カウンセラーは2回目の診療で私をカウチソファーに寝かせ、「今までで一番楽しかったことを思い出してください」とシンプルに尋ねました。
3回目の診療では「温かさを感じてください」とだけ言われ、瞑想のようなことをして終わりました。
4回目以降も、誰にでも言えるようなことをただ繰り返すだけ。
私の話を聞くでもなく、安心させてくれるわけでもありません。
こちらは心の不安を取り除いて欲しいのに...。
7回目の診療で「日常の生活はなんとかできています」と応えたら、なんと「じゃあ、いいじゃないですか」などと言われる始末...。

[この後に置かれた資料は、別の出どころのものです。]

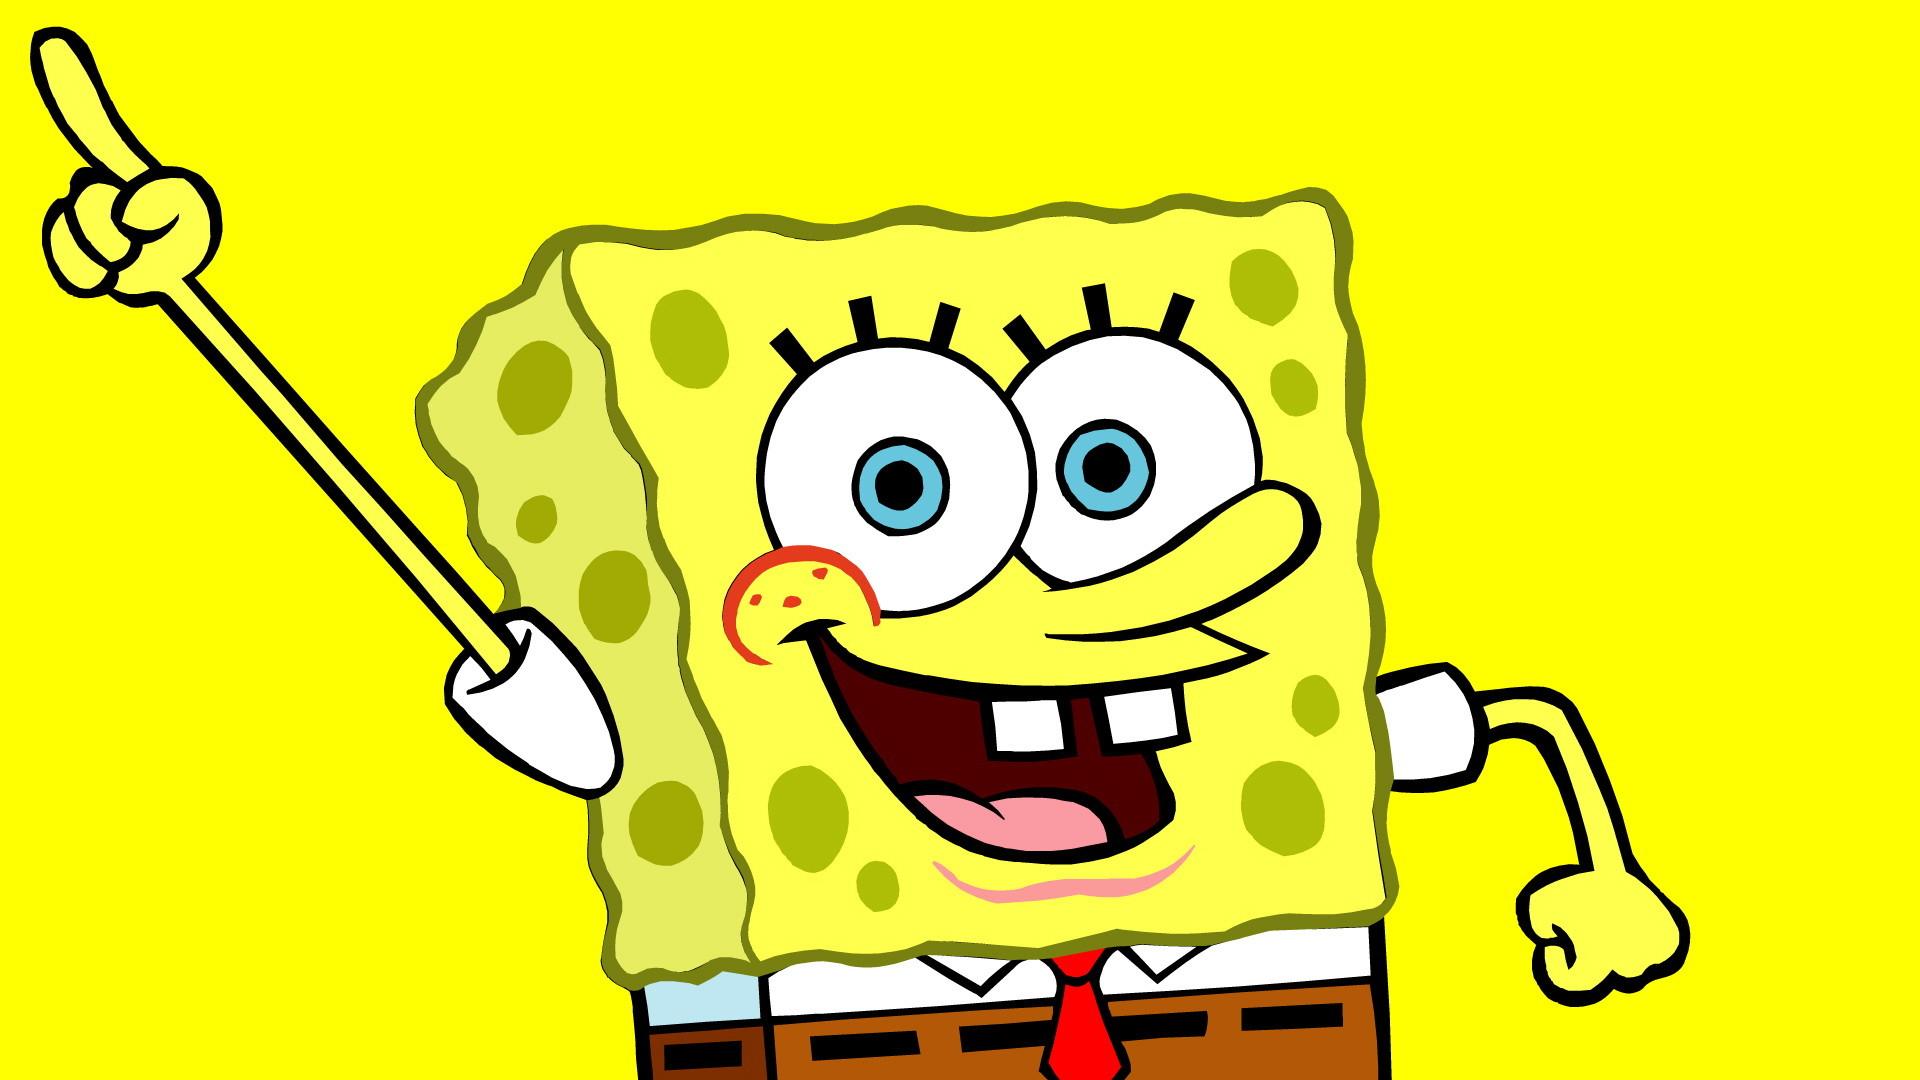 Spongebob Screensavers and Wallpaper (66+ images)

「いいじゃないですか」って、さすがに素人すぎる言い草ですよね。アドリブでも他の言い方はなかったのでしょうか...?
いい加減なカウンセリングに腹が立ち、途中でやめようとも思いましたが、全額支払ってしまってもったいないので、とにかく10回通い続けました。
人間、心が弱っている時は、藁をもつかむ思いで助けを求めてしまいます。
そこにつけ込んだこういう詐欺みたいな商売もあるのだと知りました。
62歳の私にとってはずいぶん前のことですが、苦々しい思い出として今でも時々よみがえる「忘れたい」記憶です...。